In its half century of life, the association has had six names and as
many constitutions. It has encouraged the birth of similar organizations
around it. Wisconsin was organized in 1966, Illinois and Minnesota in
1967, Michigan in 1969. It cradled the founding of the Midwest Association
of Student Financial Aid Administrators at Purdue University in 1962. It
has grown from a group of four institutions in 1935 to 121 in 1985.
In each decade of its dynamic leadership, it has left its mark on the
profession. In the 1940's, it influenced the separation of the aid
function from the admissions and registrar functions and saw the formation
of scholarship committees and later separate scholarship offices. In the
1950's, it became an organization of private as well as public colleges
and lent its experience to the national movement just beginning.
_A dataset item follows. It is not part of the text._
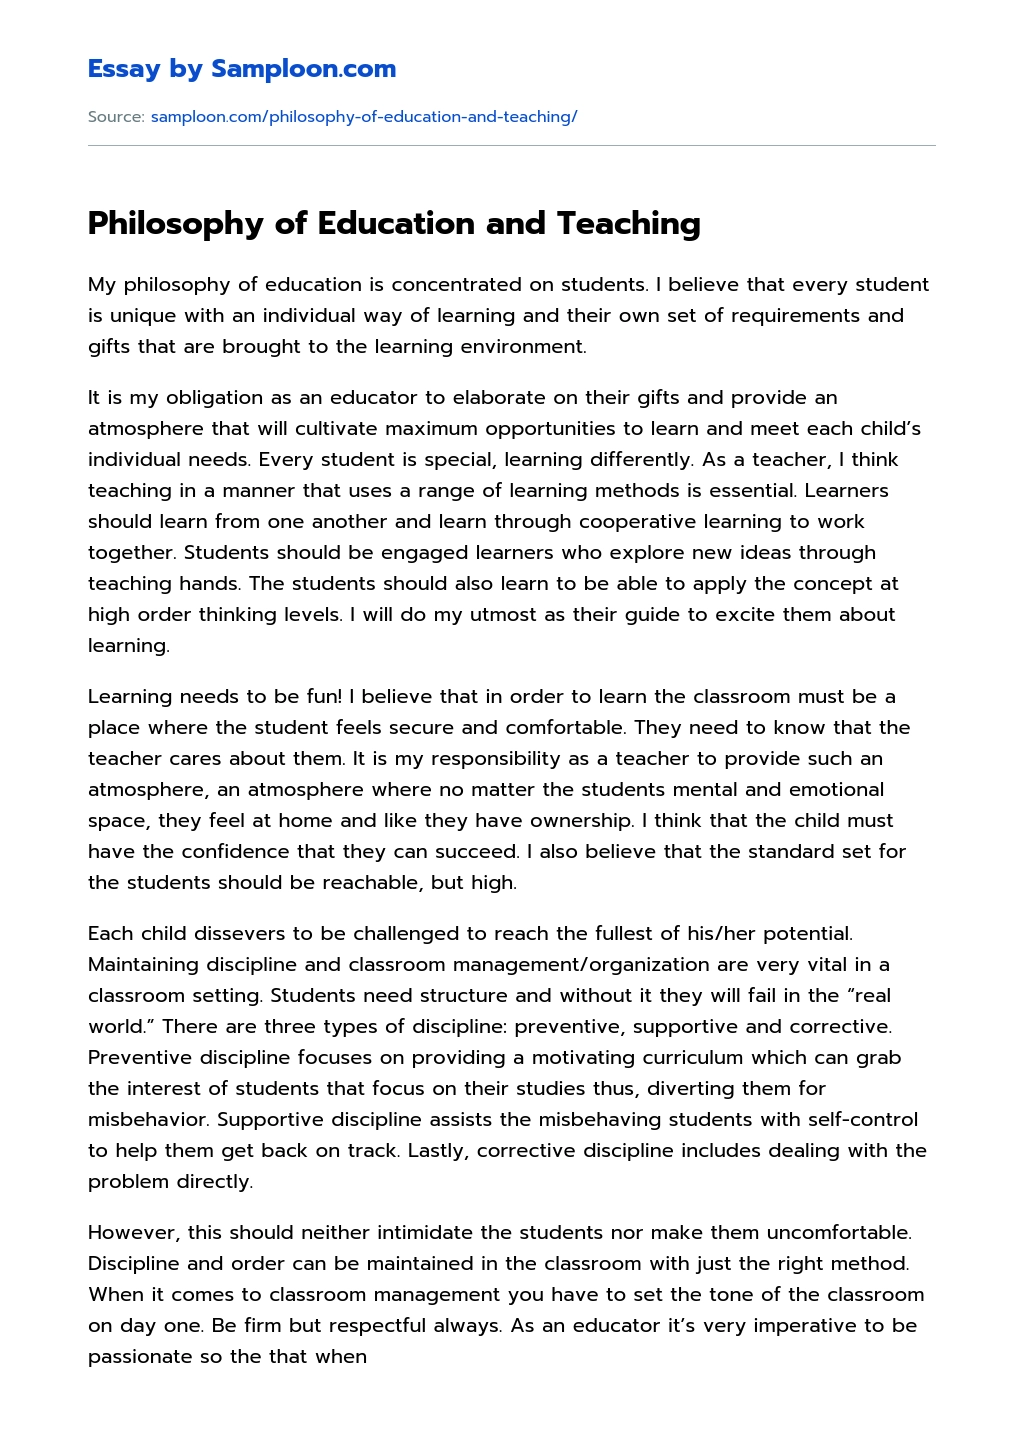 Philosophy of Education and Teaching essay

The
profession was starting to take shape in that decade with the initiation
of the National Merit and General Motors Scholarship programs as well as
the coming of the College Scholarship Service and the passage of the
critical National Defense Education Act.
In the 1960's, Indiana aid professionals not only assisted in the
formation of MASFAA but also gave testimony and helped shape federal law,
the Higher Education Act of 1965. And closer to home, with impetus from
the Indiana Conference on Higher Education and educators all over the
state, it drafted and gained passage of the State Scholarship Act of
Indiana in 1965.
The singular purpose of the Association has not deviated during the
fifty years of its history. Its proud chronicle of activities,
publications, training, and ethical principles has ever worked to
alleviate financial obstacles from students who desire and can benefit
from postsecondary education.
Now, fifty years after its proud beginning, it is appropriate to tell
the story of how it all began, how it grew, to record its accomplishments.